## THE PROBLEM:
A word-for-word copy of the data is what's wanted; pictures stay out of it.

PROVIDED MATERIAL Start Marker

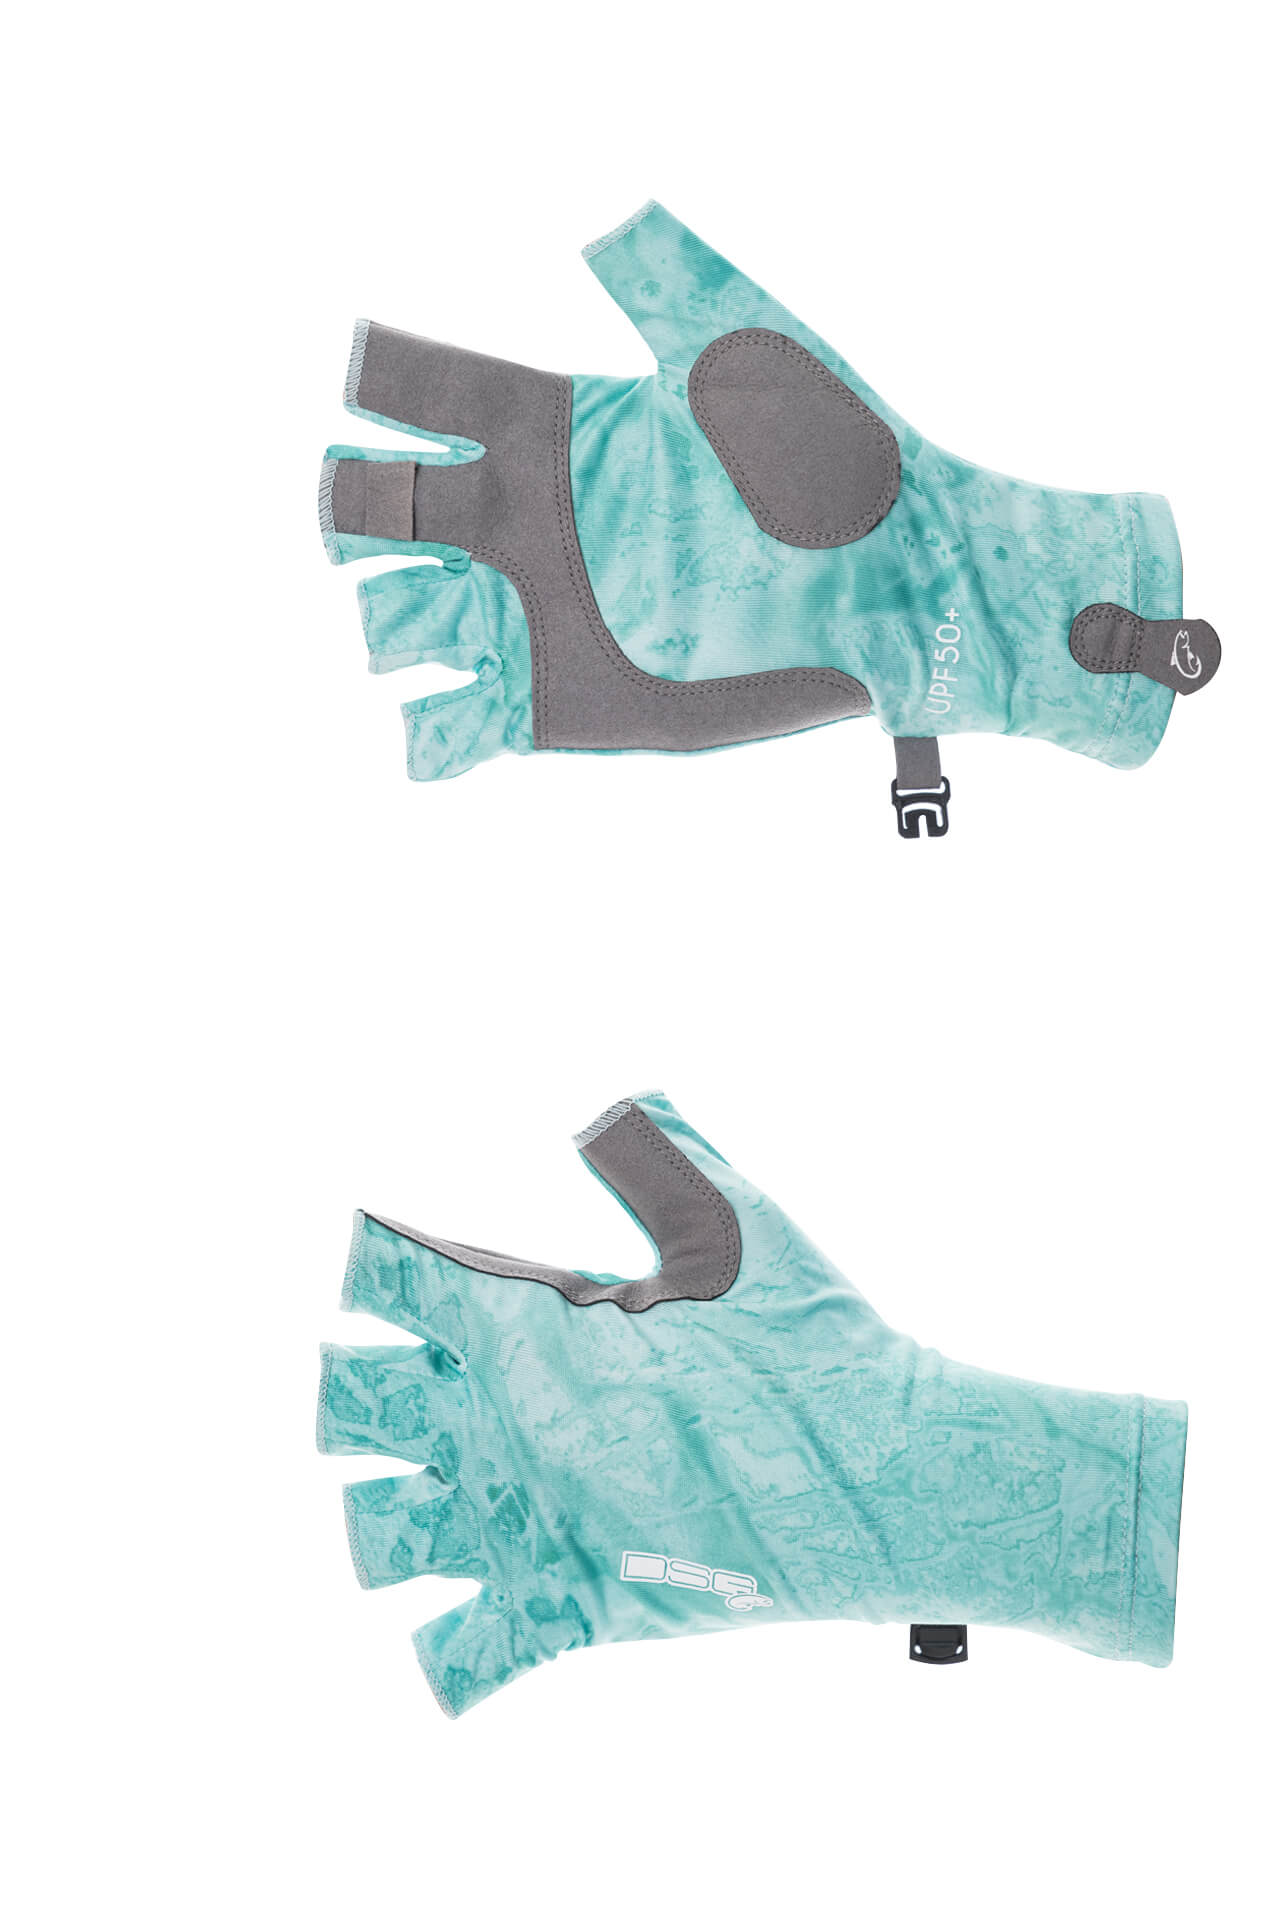 Fingerless Fishing Gloves for sale
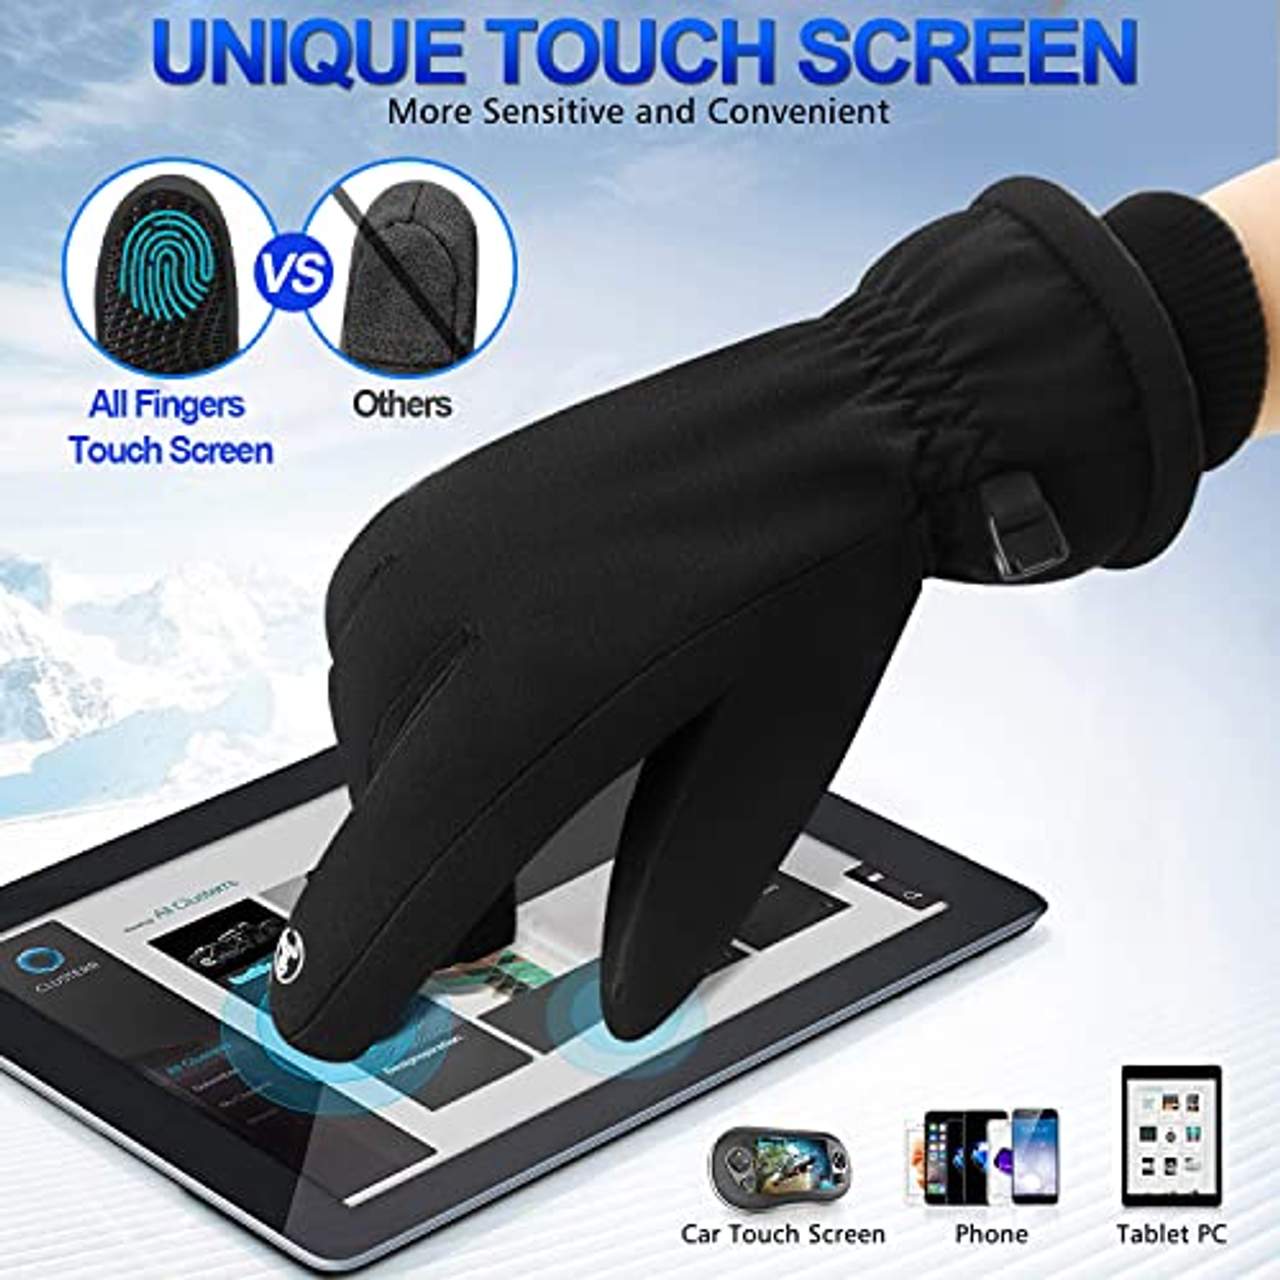 Songwin wasserdichte Winterhandschuhe 3M Thinsulate Warme Touchscreen Handschuhe
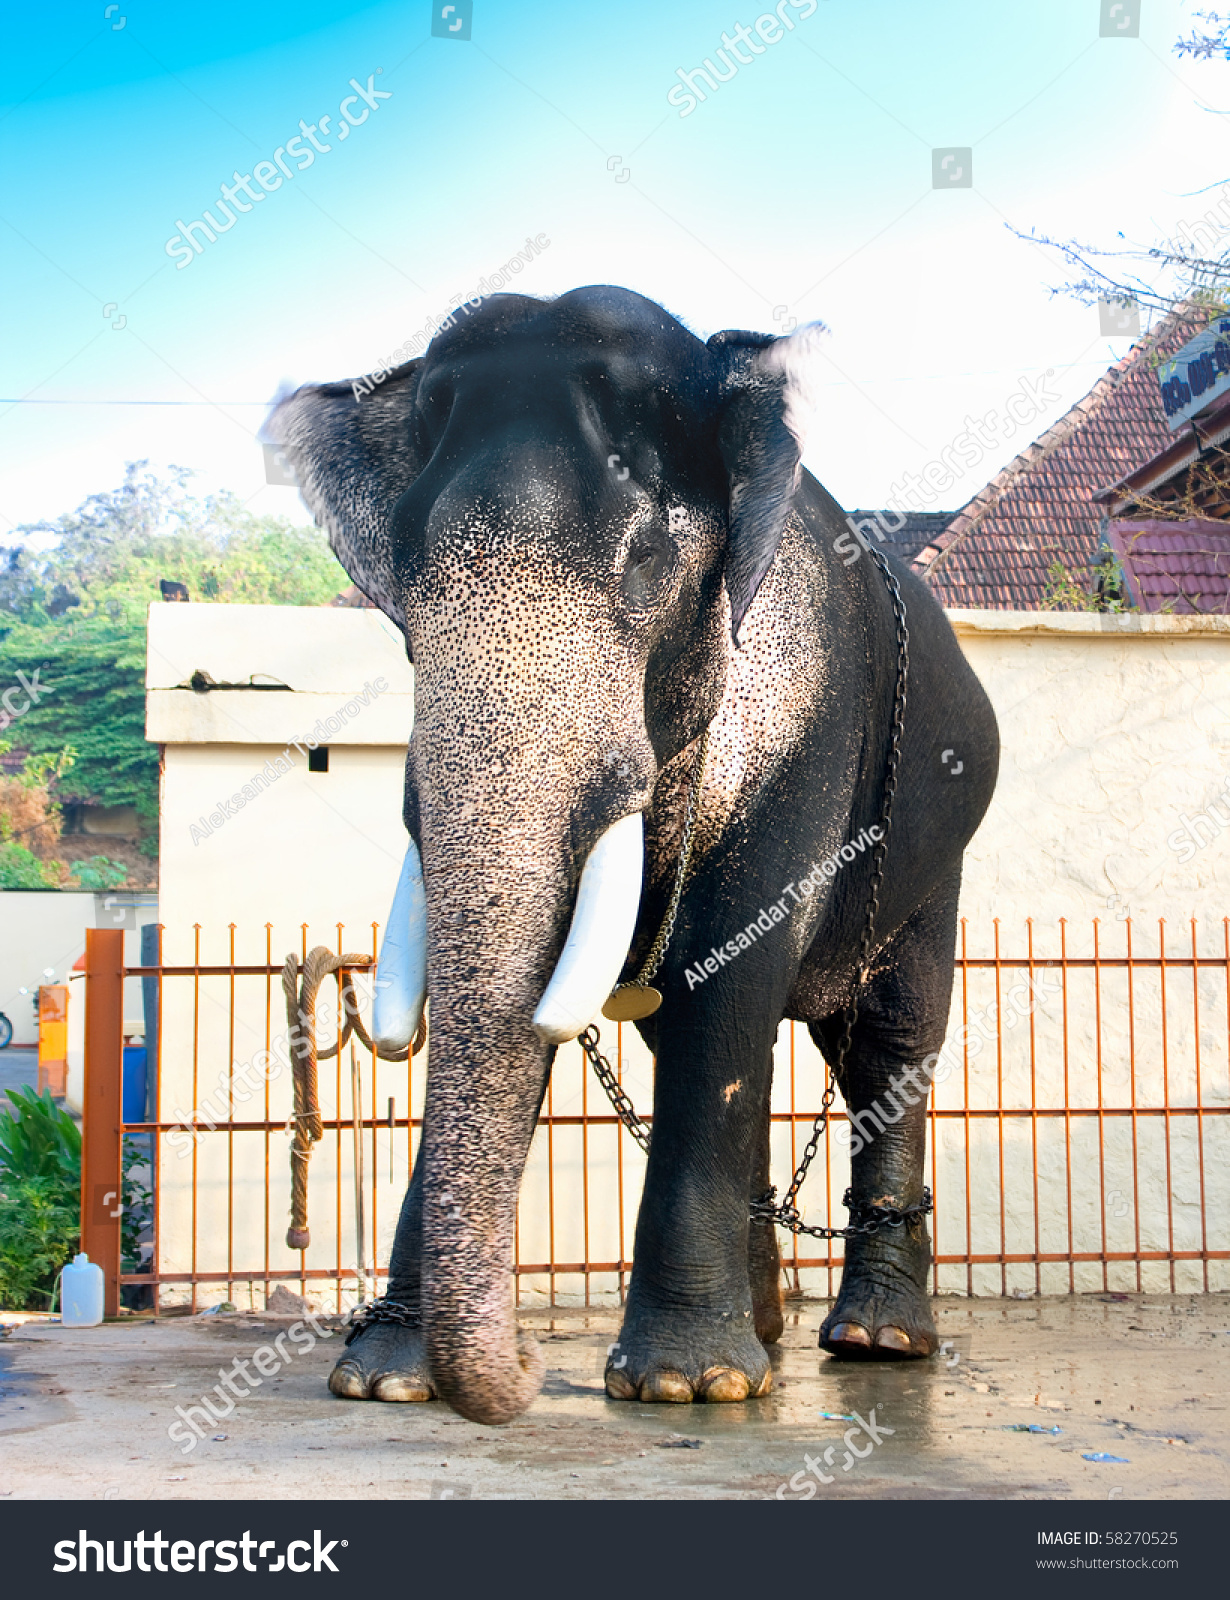 Beautiful giant elephant photo
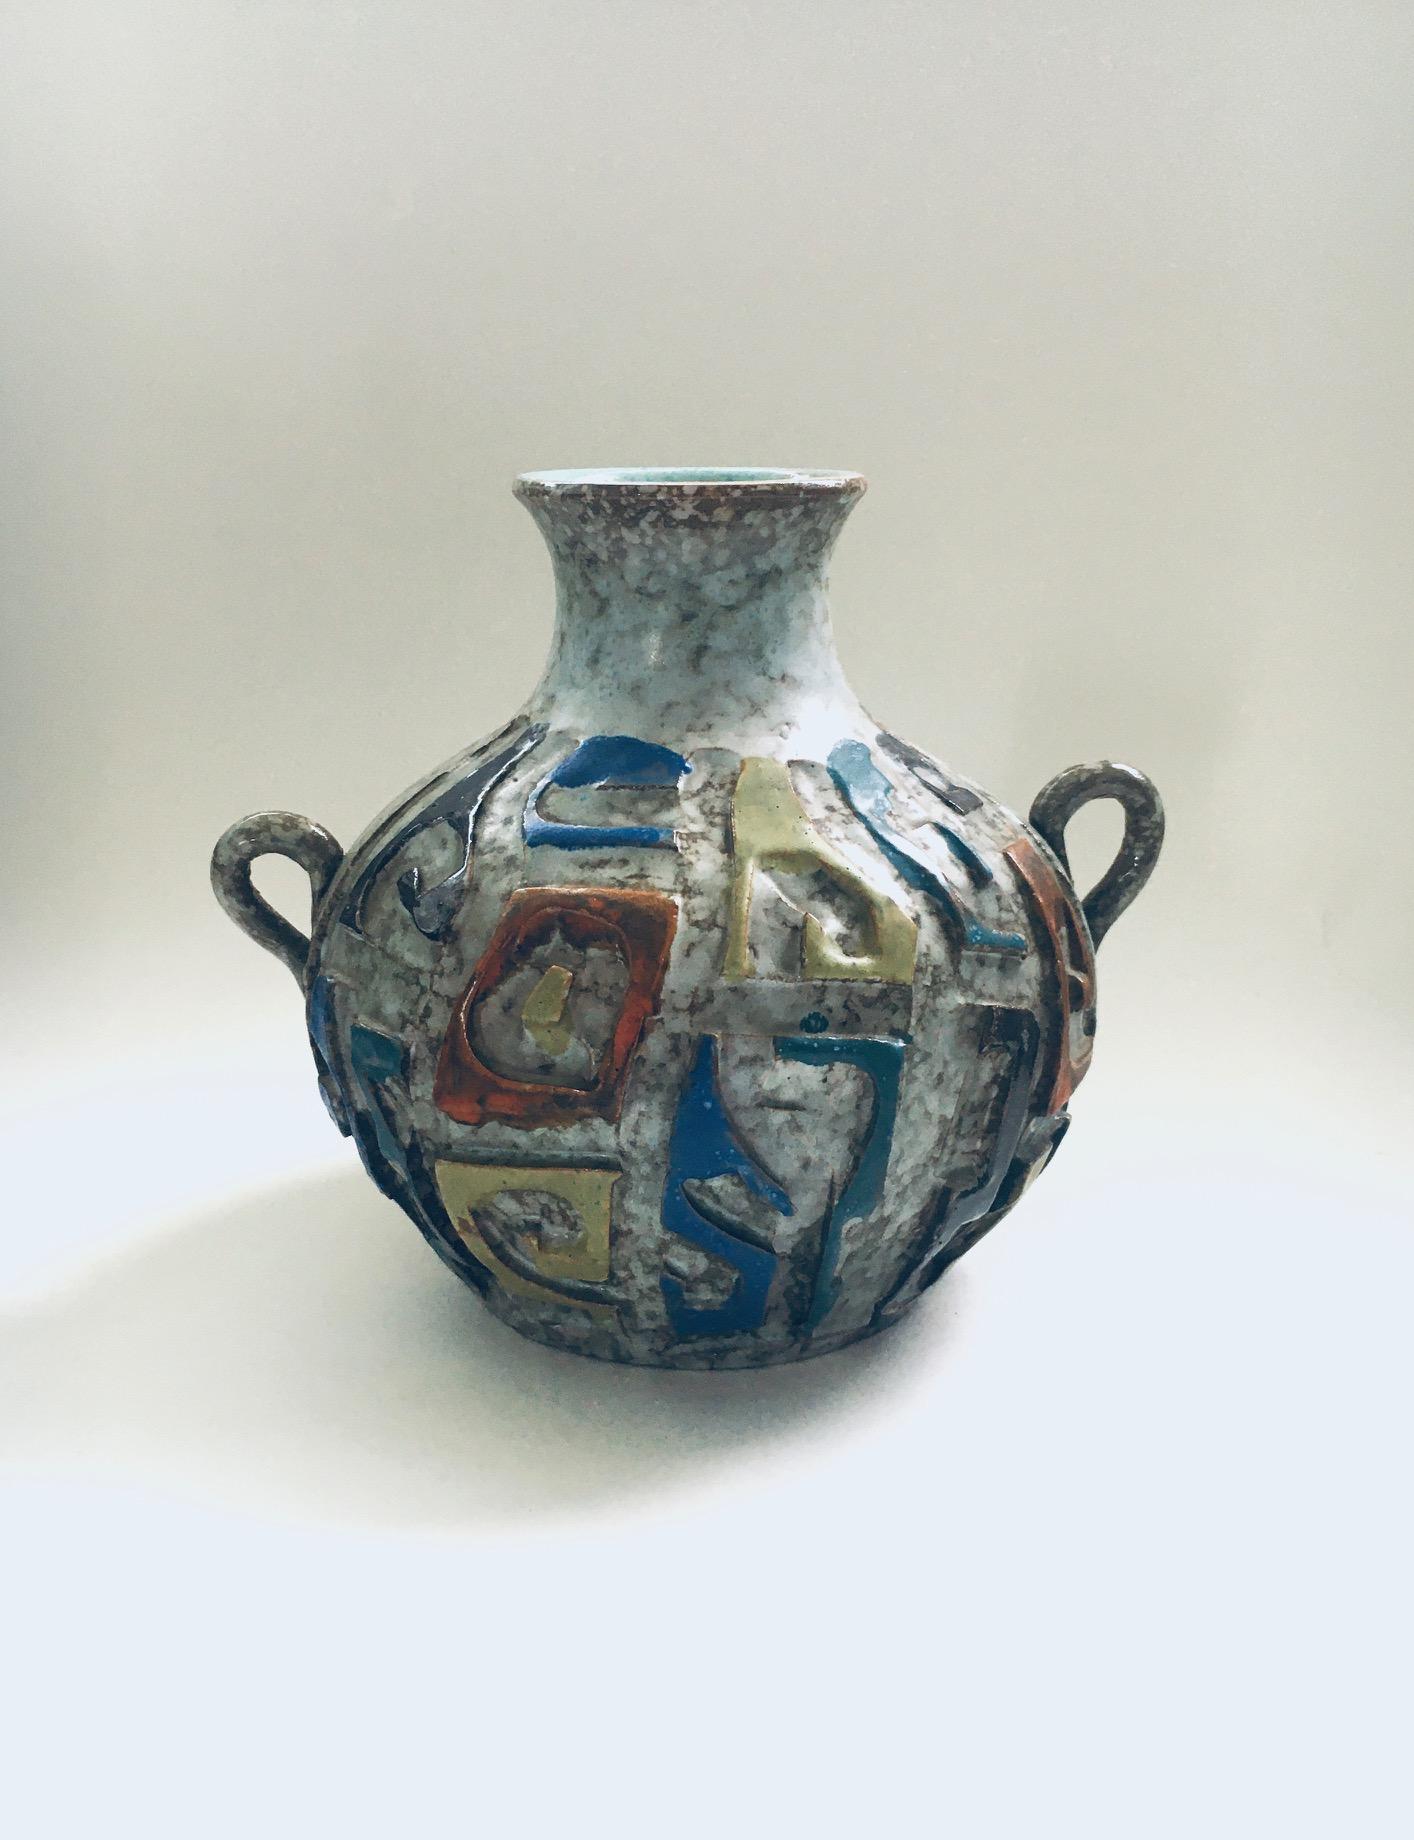 Vintage Midcentury Art Pottery Studio Hand Made Carved Handle Vase. Fabriqué en Espagne, années 1960. Vase artisanal de style brutaliste avec sous-glaçure grise et glaçures bleues, oranges, jaunes verdâtres et brunes. Un vase rare. En très bon état.

PROVIDED MATERIAL End Marker

## ANSWER TO THE PROBLEM:
 Fingerless Fishing Gloves for sale
 Songwin wasserdichte Winterhandschuhe 3M Thinsulate Warme Touchscreen Handschuhe
 Beautiful giant elephant photo
 Vintage Midcentury Art Pottery Studio Hand Made Carved Handle Vase. Fabriqué en Espagne, années 1960. Vase artisanal de style brutaliste avec sous-glaçure grise et glaçures bleues, oranges, jaunes verdâtres et brunes. Un vase rare. En très bon état.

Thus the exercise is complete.